Парашютная резинка была тугая. Я прицелился в муху. Муха сидела на Фенином зеркале и любовалась своим отражением. Передними лапами она старательно терла шею. Голова у мухи болталась из стороны в сторону.
Наша Феня тоже может часами любоваться в зеркало. Феня любит рассматривать, какая она красивая. Вообще-то она и вправду красивая. У нее длинные белые, словно седые, волосы, большущие карие глаза с лохматыми ресницами и такая тонкая талия, что, того и гляди, наша Феня разломится на две половинки. В городе на Феню оглядывается каждый мужчина. С ней прямо неприлично ездить в город, с нашей Феней.
Я прицелился в муху и отпустил конец резинки.
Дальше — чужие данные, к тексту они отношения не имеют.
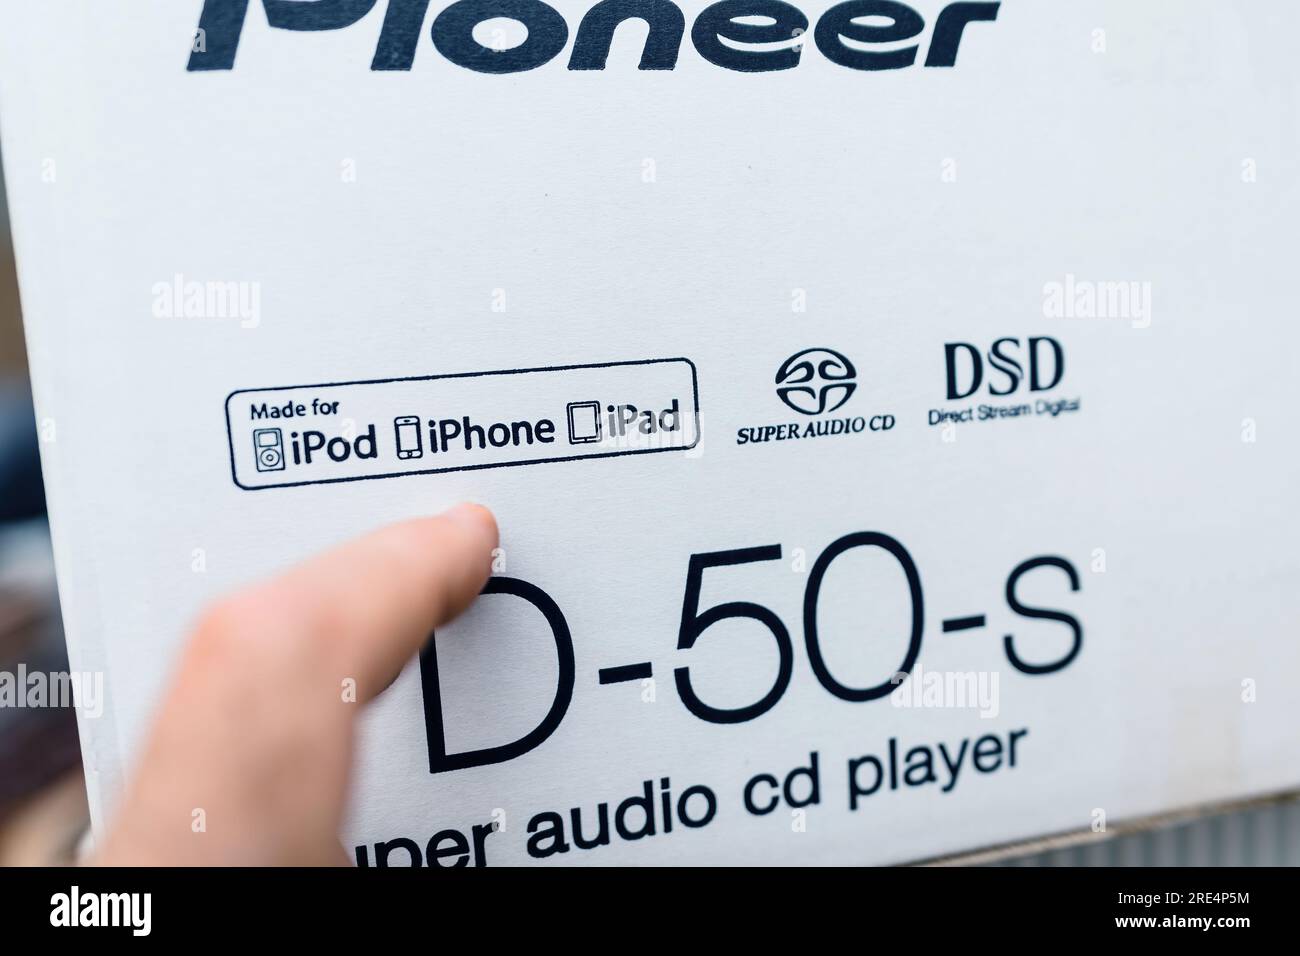 Hamburg, Germany - Jul 24, 2023: Male hand pointing to the Made for iPod iPhone iPad logotype on the new Pioneer PD-50-2 super audio cd SACD player for hifi musicality and audition Stock Photo

Муха бросила тереть шею, покружилась вокруг люстры и улетела на кухню.
Я подпрыгнул, нырнул головой в свой старый, просиженный диван, на котором сбились в кучу простыни с одеялом, и сделал отличный кульбит. Потом я одной рукой выжал за ножку стул. Стул вывернулся из кулака и трахнулся рядом с Феней. Я поставил стул ножкой на лоб. Стул трахнулся снова.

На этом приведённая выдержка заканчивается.